I think that the idea is to give the isomorphism by specifying the action on the basis (i.e the paths of certain length) that is given two arrows $\alpha$ from a vertex $1$ to say $2$ and a map $\beta$ from vertex $2$ to $3$ assign the reverse walk $\beta^{-1} \alpha^{-1}$ no? my question is, how do we prove it rigorously? I'm having trouble writing it formally because I think we still have consider cases when the source and target don't coincide.

$2$. Let $Q=(Q_{0},Q_{1})$ be a finite and acyclic quiver. Prove $KQ$ is connected if and only if $KQ/R^{2}$ is connected where $R$ is the arrow ideal of $kQ$.

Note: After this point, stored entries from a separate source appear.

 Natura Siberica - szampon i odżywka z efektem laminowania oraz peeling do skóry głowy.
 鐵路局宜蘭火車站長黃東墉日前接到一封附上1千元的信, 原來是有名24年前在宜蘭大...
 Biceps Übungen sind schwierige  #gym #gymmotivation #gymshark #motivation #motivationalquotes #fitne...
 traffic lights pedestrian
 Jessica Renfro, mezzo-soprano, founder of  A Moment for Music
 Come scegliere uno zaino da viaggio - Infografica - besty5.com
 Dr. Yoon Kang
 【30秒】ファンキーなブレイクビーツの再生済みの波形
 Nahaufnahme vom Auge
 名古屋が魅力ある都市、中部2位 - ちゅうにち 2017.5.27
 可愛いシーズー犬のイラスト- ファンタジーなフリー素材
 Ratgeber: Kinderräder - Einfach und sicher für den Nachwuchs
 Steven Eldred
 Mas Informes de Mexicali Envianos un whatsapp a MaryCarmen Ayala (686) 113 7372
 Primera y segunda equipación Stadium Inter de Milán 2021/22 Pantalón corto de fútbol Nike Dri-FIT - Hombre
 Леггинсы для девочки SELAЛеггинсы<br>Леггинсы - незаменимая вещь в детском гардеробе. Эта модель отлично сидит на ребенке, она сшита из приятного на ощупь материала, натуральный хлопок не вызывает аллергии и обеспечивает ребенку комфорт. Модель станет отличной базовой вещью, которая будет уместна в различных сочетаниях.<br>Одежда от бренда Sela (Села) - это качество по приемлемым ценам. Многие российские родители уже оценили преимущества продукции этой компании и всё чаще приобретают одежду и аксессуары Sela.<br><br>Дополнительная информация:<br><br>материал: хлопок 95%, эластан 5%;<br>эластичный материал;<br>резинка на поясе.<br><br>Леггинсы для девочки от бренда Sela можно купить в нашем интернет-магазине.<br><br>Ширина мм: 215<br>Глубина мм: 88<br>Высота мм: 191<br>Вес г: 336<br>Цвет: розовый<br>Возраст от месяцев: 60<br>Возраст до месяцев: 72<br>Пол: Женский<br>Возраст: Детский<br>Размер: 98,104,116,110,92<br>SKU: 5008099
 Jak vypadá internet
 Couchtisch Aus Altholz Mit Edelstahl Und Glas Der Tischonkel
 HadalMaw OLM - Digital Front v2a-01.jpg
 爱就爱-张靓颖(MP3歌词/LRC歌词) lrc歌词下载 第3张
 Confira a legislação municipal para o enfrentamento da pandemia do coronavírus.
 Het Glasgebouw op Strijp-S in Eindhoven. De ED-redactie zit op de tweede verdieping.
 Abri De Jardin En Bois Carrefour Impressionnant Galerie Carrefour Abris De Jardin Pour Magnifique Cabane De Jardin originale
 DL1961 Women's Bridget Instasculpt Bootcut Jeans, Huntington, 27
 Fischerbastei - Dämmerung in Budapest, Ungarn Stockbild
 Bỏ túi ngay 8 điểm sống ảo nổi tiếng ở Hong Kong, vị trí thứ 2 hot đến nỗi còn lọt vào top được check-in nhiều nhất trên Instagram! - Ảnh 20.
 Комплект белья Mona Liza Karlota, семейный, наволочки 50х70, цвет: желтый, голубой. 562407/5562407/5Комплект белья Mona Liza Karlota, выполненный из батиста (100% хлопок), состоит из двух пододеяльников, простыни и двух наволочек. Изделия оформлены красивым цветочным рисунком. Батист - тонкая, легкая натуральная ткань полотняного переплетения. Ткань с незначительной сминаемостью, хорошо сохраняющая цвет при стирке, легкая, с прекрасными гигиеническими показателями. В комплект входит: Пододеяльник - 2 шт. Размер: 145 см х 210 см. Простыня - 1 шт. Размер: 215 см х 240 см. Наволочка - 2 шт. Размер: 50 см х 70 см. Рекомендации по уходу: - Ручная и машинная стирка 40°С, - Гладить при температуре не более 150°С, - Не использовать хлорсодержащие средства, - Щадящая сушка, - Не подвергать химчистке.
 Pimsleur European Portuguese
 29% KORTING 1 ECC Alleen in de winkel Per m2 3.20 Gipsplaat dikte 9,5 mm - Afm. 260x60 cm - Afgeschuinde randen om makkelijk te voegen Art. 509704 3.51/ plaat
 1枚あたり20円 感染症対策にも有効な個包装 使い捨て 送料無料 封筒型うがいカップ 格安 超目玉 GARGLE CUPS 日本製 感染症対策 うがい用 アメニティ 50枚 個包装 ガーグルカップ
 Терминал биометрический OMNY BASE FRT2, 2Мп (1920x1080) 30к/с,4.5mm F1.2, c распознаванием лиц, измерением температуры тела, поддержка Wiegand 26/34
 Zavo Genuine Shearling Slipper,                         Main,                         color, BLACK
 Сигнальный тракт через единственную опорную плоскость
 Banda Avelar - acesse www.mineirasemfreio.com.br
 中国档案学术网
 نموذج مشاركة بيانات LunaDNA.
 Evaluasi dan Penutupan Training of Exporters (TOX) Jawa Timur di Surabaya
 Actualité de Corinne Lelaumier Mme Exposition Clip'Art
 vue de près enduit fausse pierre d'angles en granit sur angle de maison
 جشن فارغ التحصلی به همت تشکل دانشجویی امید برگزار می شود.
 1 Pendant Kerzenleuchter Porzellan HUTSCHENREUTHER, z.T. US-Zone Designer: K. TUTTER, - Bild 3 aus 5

I think I have this one. Let me mention some results which are proved (page $47$ and $55$)

Result $1$. Let $Q$ be a finite quiver, then $KQ$ is connected if and only if $Q$ is a connected quiver.

Result $2$. Let $Q$ be a finite quiver and let $I$ be an admissible ideal of $KQ$. Then $KQ/I$ is connected if and only if $Q$ is a connected quiver.

So suppose first that $KQ$ is connected, then by by result $1$ it follows that $Q$ is a connected quiver. Now note that $R^{2}$ is an admissible ideal so by result $2$ it follows that $KQ/R^{2}$ is connected.

Now assume $KQ/R^{2}$ is connected, then by result $2$ it follows that $Q$ is a connected quiver so by result $1$ we have that $KQ$ is connected and we are done.

So two questions here:

1) Where do we need that $Q$ is acyclic don't it suffices to ask that $Q$ is finite?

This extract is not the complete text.